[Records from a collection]

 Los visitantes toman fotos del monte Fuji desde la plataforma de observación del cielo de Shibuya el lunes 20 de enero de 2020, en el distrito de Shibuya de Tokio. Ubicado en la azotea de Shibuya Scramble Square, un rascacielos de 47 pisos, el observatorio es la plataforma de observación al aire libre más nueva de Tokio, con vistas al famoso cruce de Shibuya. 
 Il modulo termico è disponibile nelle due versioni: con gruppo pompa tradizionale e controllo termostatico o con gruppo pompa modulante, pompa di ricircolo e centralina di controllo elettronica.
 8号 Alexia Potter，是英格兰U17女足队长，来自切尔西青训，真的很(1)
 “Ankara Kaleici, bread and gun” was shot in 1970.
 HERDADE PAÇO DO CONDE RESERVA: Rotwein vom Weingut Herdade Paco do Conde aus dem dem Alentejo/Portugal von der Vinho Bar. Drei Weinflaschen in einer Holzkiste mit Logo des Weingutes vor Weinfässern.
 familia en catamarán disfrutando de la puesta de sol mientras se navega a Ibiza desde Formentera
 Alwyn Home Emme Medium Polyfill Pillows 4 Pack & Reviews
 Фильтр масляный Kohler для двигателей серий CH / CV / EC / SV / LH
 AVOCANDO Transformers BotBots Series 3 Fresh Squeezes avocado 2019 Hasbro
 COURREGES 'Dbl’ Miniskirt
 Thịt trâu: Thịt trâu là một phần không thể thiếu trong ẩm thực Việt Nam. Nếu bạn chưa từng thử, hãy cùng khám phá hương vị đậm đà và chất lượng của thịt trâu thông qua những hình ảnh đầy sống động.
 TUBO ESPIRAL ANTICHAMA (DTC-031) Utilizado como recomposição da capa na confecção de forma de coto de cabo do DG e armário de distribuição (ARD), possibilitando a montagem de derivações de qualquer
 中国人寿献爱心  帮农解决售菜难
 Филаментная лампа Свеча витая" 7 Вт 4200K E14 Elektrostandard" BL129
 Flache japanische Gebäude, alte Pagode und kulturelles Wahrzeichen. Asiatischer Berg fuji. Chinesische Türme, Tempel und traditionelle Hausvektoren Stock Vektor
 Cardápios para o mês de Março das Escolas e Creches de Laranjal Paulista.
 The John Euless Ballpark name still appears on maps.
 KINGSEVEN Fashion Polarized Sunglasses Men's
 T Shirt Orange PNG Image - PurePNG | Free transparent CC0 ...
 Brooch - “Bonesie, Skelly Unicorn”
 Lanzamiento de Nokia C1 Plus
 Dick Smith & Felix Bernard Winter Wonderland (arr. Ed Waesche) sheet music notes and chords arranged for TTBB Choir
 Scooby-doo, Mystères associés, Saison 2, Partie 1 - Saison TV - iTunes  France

## EXERCISE BRIEF
Within the entries, find all lines holding "desde" and copy each one.

## FINAL ANSWER
 Los visitantes toman fotos del monte Fuji desde la plataforma de observación del cielo de Shibuya el lunes 20 de enero de 2020, en el distrito de Shibuya de Tokio. Ubicado en la azotea de Shibuya Scramble Square, un rascacielos de 47 pisos, el observatorio es la plataforma de observación al aire libre más nueva de Tokio, con vistas al famoso cruce de Shibuya. 
 familia en catamarán disfrutando de la puesta de sol mientras se navega a Ibiza desde Formentera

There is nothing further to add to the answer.